Il attend depuis trois heures le cortège qui mène en terre l’ancien syndicaliste et dirigeant de la CGT. Le silence s’épaissit. À peine troué par la pluie qui frappe le pavé. Boulevard Magenta, des enfants sur les épaules saluent de la main. Secoué par le vent, un portrait géant ouvre le brouillard. «  C’était comme un fleuve veiné de tricolore où tremblait la brume des cravates de crêpe, ajoute le journaliste. Œillets, couronnes sur toute la largeur de la rue. Par milliers sur des kilomètres. Comme si des parterres fleuris s’étaient mis soudain à marcher. Mineurs, métallos, élus barrés d’écharpe, la France entière s’était, ici, donné rendez-vous.  »

Place de la République. On voit la tête du cortège. Marcel Cachin, Jacques Duclos, André Marty, Benoît Frachon, Étienne Fajon… Hier encore, à la Maison des Métallos, ils entouraient le cercueil en garde d’honneur devant la ronde des anonymes qui a duré jusqu’à minuit. «  Je fais comme les autres, dit une vieille, je pleure. Ma retraite, la première de ma vie, c’était lui… Et pour moi, tout a changé depuis.  » «  Dans le silence empli de parfums, des fleurs encore. Fleurs porteuses d’amour, comme si le pavé était jardin  », poursuit Jean-Pierre Chabrol.
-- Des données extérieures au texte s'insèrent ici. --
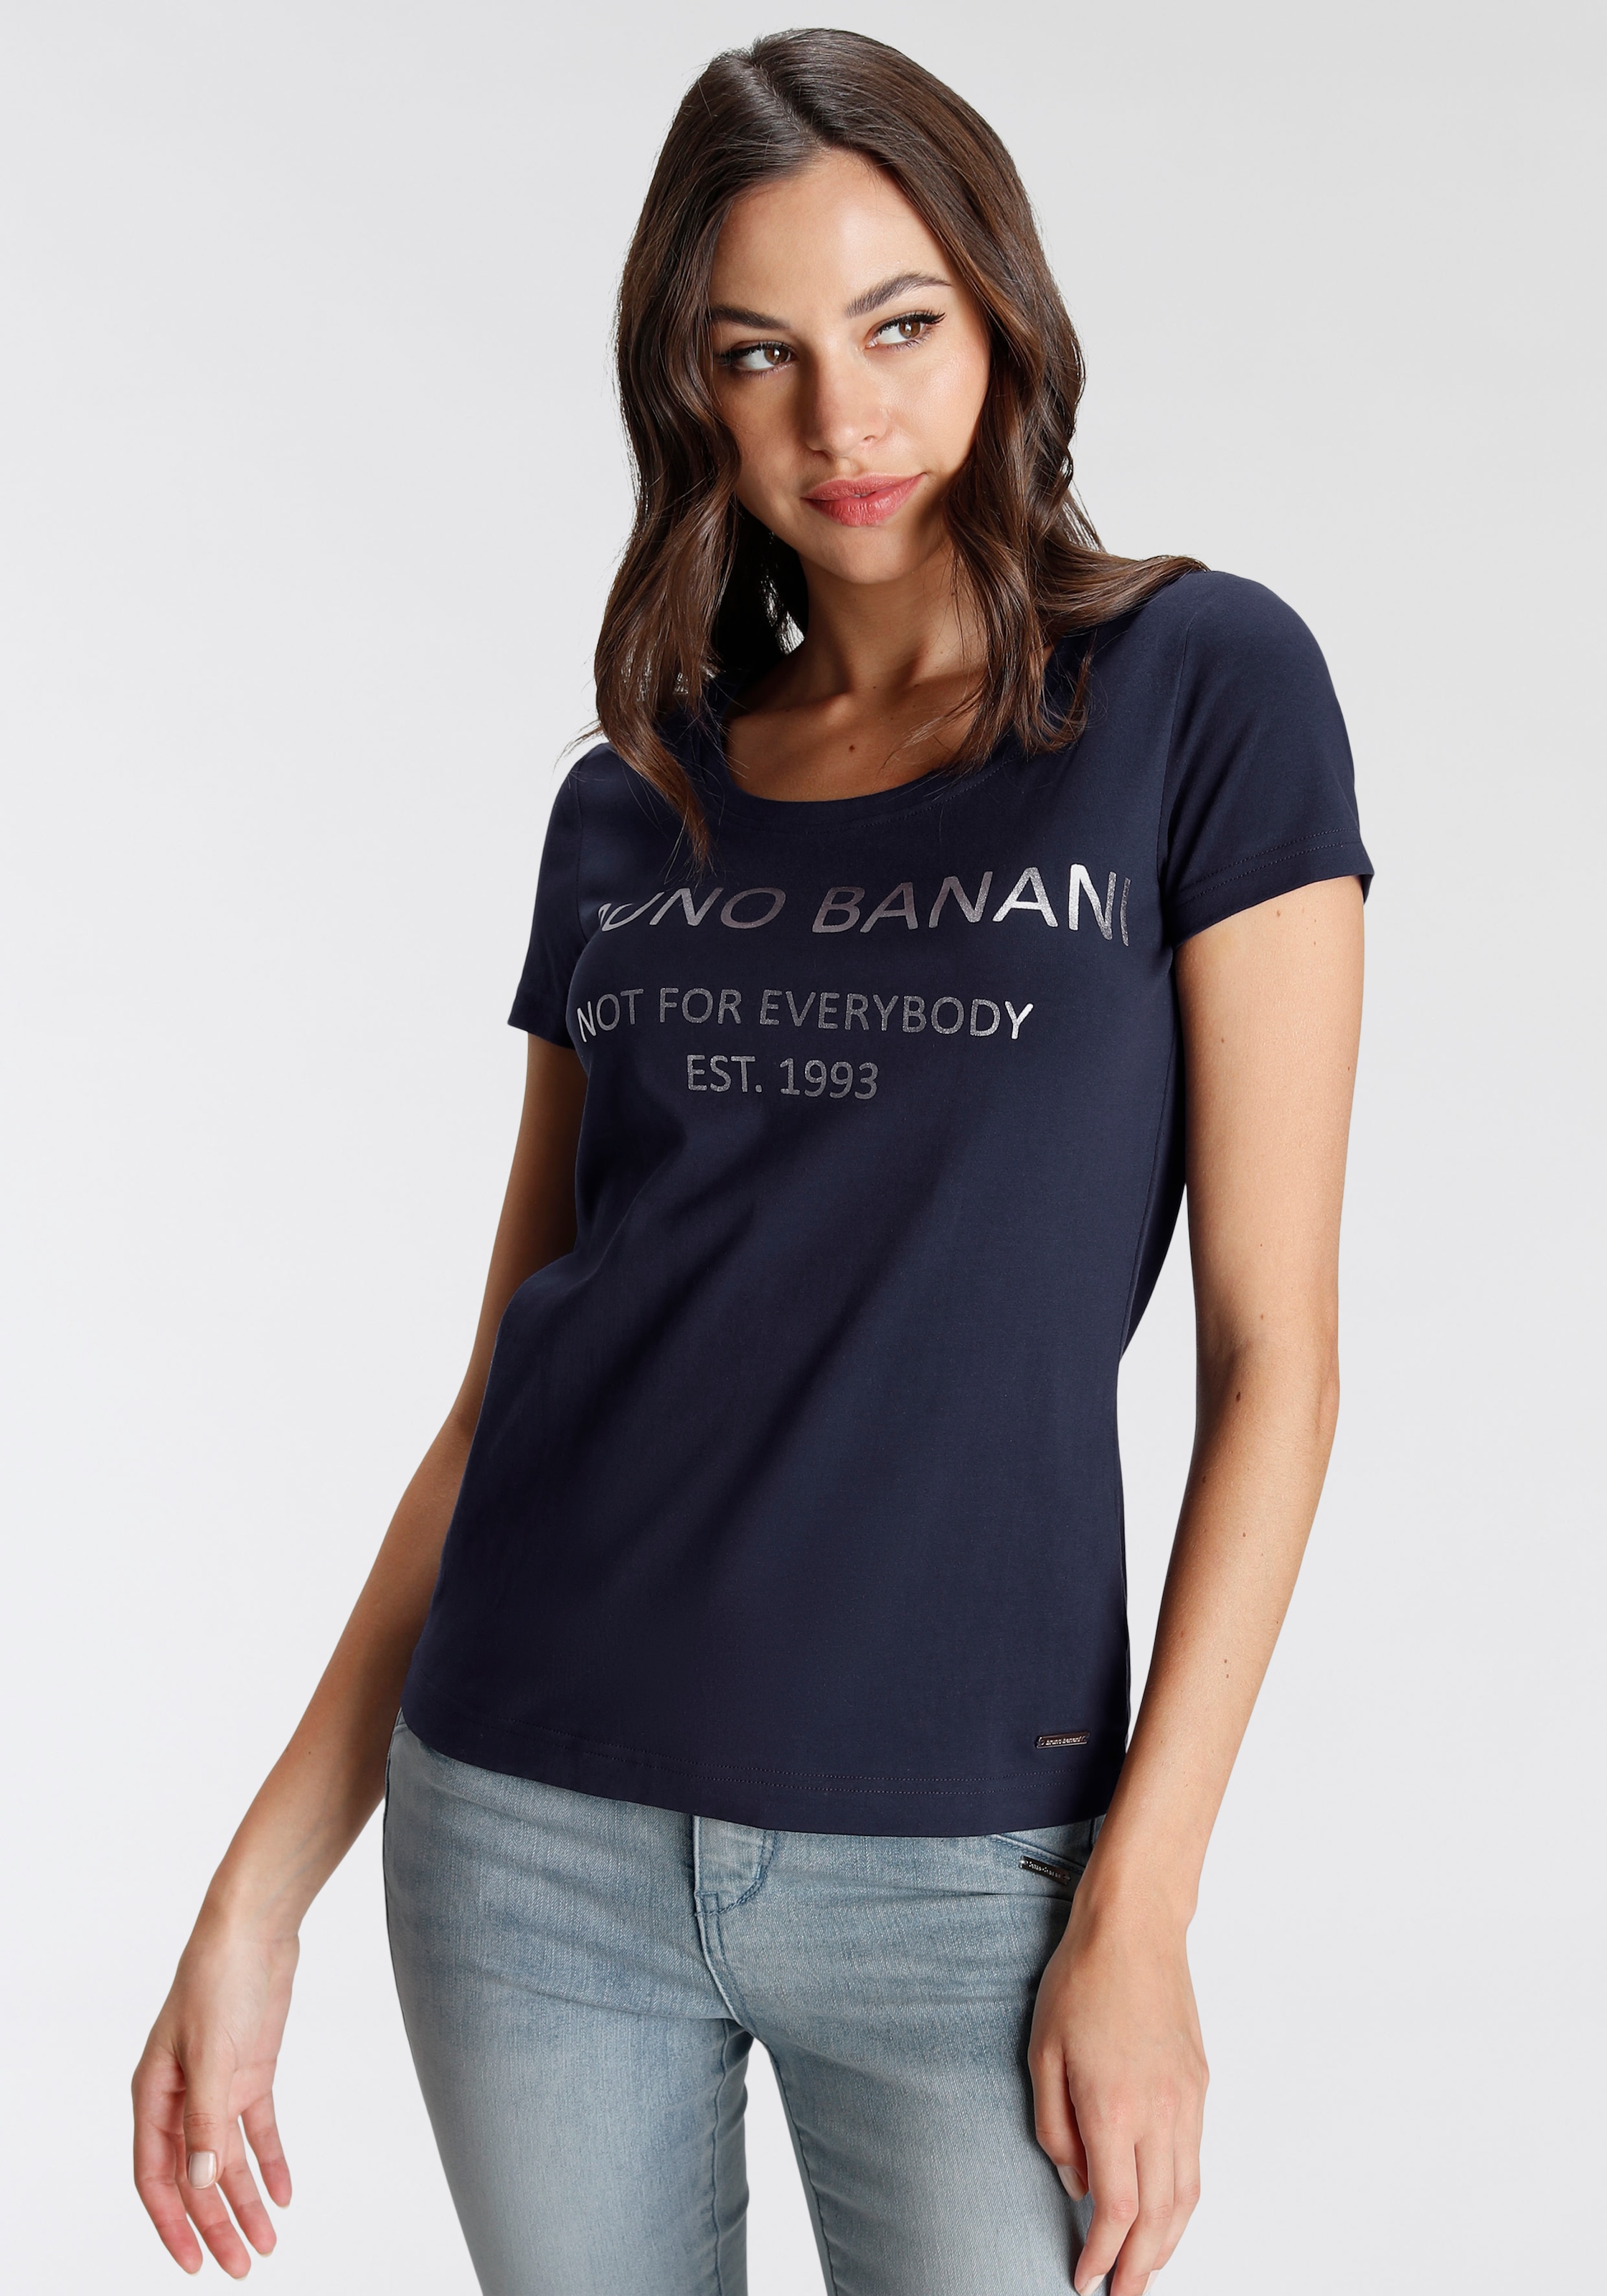 NEUE shoppen KOLLEKTION | goldfarbenem mit Banani Bruno I\'m T-Shirt, walking Logodruck

Cimetière du Père-Lachaise. Piétinement mouillé comme une litanie. Devant la tribune dressée à l’entrée, des gerbes de tous pays. Celles des sidérurgistes de Milan ou de Rome, celles des métallos de Lorraine ou de Finlande, des ouvriers du bâtiment de Tunis ou d’Alger. La voix de Frachon, au loin, bien après les haies de roses  : «  La mort t’a enlevé, camarade. Écoute l’hommage qui monte. C’est ton peuple qui t’aime.  »

Se succéderont les discours de Jean Breteau, d’Alfred Lebidon, secrétaire de l’Union des vieux travailleurs, pour s’achever dans les mots de Marty, dirigeant du PCF  : «  C’est une promesse, Ambroise, au cœur du peuple qui t’accompagne, nous continuerons sans trêve la lutte qui fut la tienne…  » À quelques pas de la terre fraîchement remuée, les tombes du colonel Fabien, d’Henri Barbusse, de Pierre Semard et le mur des Fédérés, symbole des 27 000 fusillés de la Commune de 1871.